27 марта 1773 года вышли они из Порт-Луи, а 15 апреля прибыли в Париж и в тот же день явились к резиденту. Николай Константинович принял их радушно, определил на квартиру, выделил денег на провиант, одежду и обувь для нуждающихся.
30 сентября 1773 года семнадцать человек прибыли в Санкт-Петербург, а 3 октября, дав присягу на верность Екатерине II и поклявшись при этом не разглашать под страхом смертной казни государственную тайну о Большерецком бунте, отправились на предписанные им для жительства места, «...чтобы их всех внутрь России, как то в Москву и Петербург ни когда ни для чего не отпускать», как рекомендовала царица генерал-прокурору князю Вяземскому. Хотя приличия ради спросили у каждого, кто куда бы сам пожелал отправиться.

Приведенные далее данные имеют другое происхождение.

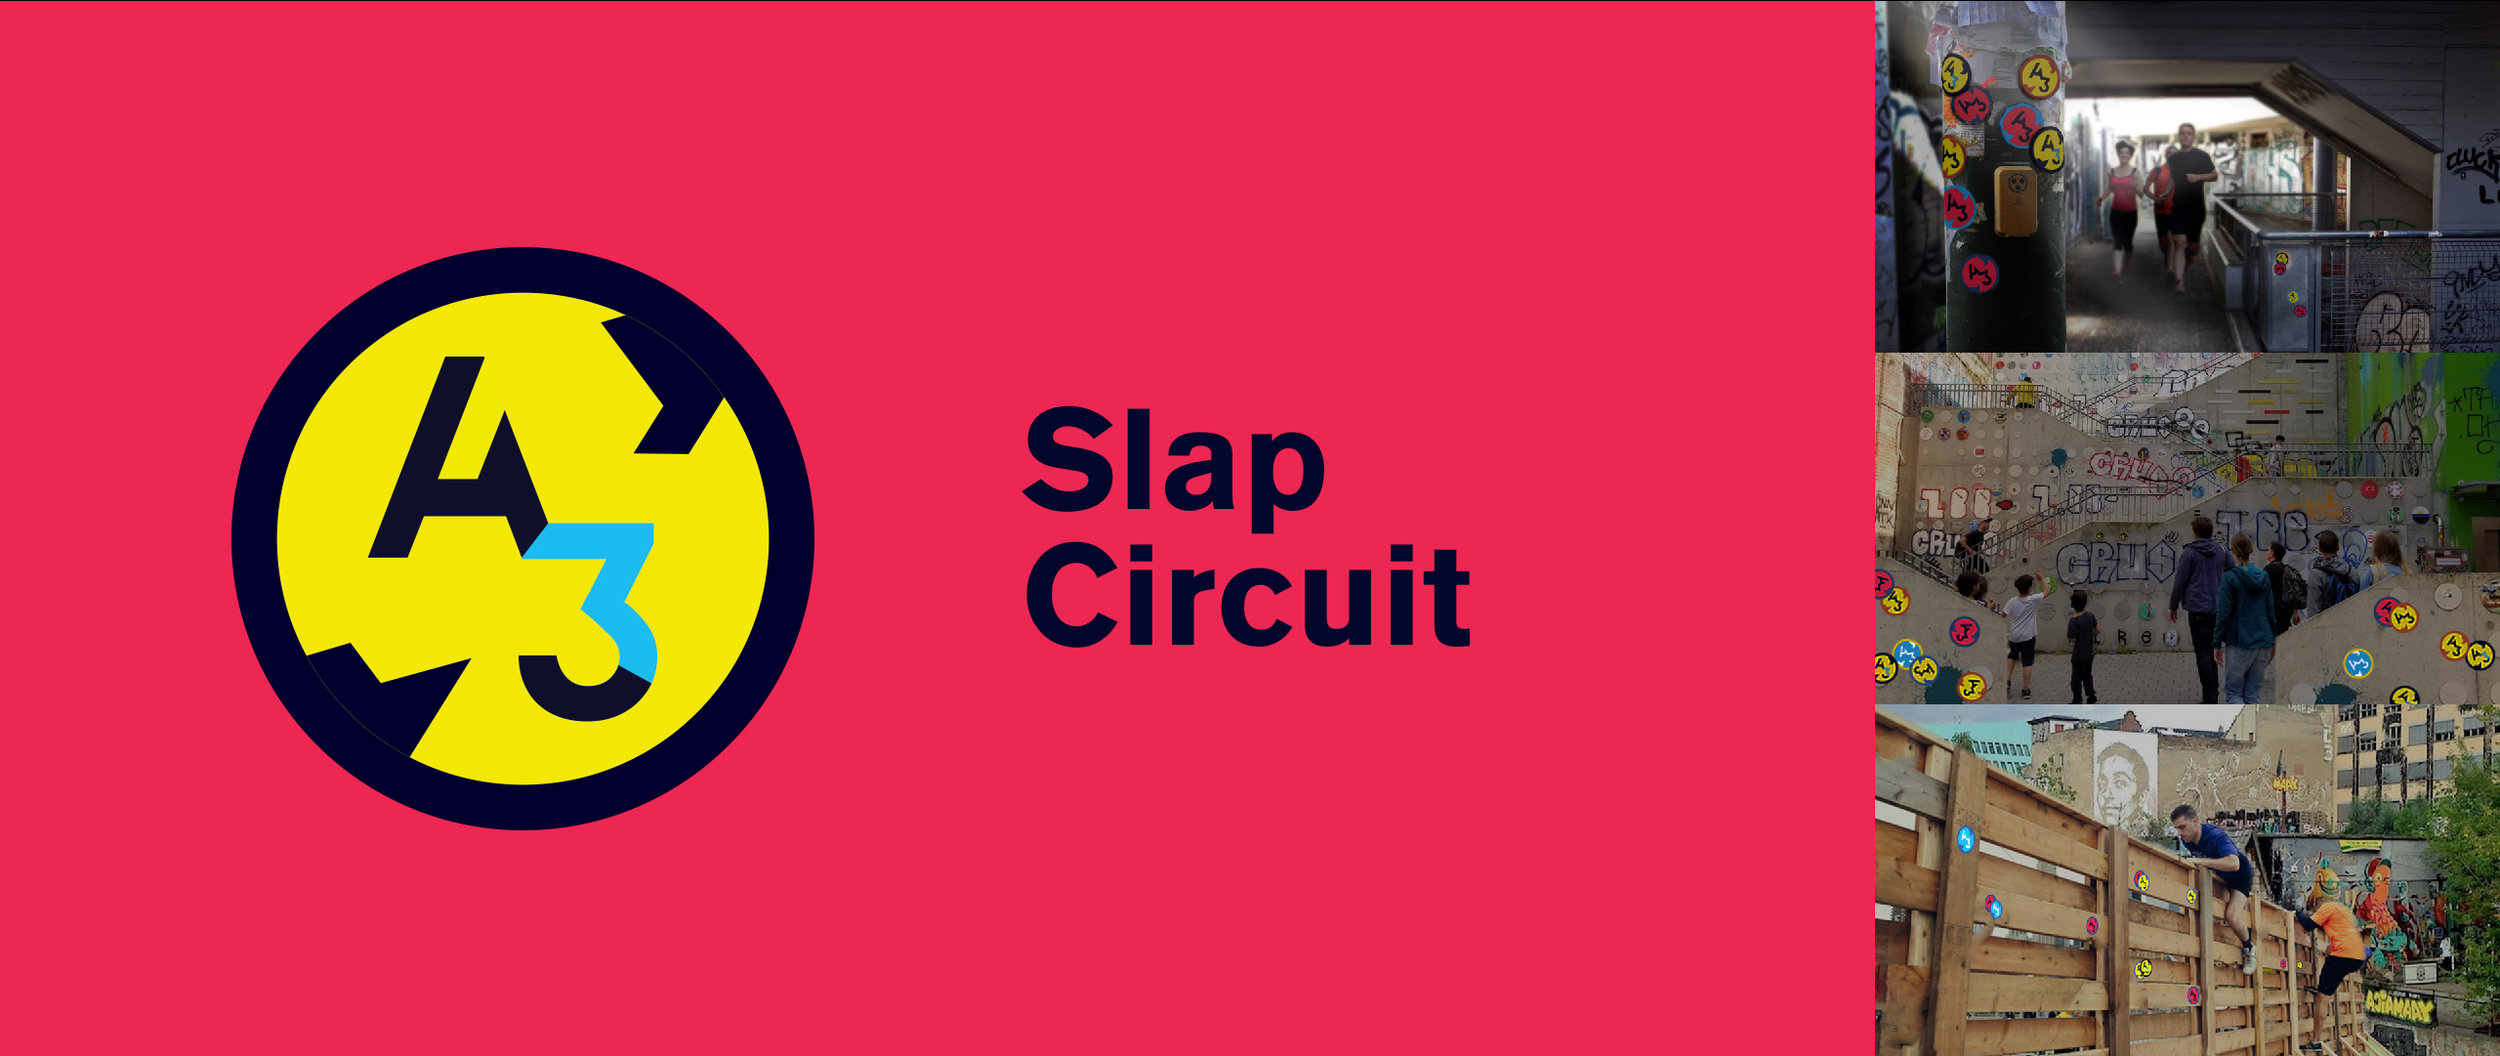 A3_Slap Sticker-02.jpg

Обо всех этих событиях в России не было известно еще целых полвека, хотя книга Беньовского, изданная в Англии, Германии, Франции, была долгое время бестселлером.
Теперь наконец читатель может узнать, как сложились жизненные пути тех, на чьих плечах поднялась слава «искусного морехода» и вольнолюбца Августа Морица Беньевского.
Ипполит Степанов
Благодаря Беньевскому в исторической и художественной литературе Ипполит Семенович Степанов представляется вздорным пьяницей, спорщиком и скандалистом, завистником и честолюбцем. Такой он у Н. Смирнова в «Государстве Солнца», такой он и у Л. Пасенкжа в «Похождениях барона Беневского».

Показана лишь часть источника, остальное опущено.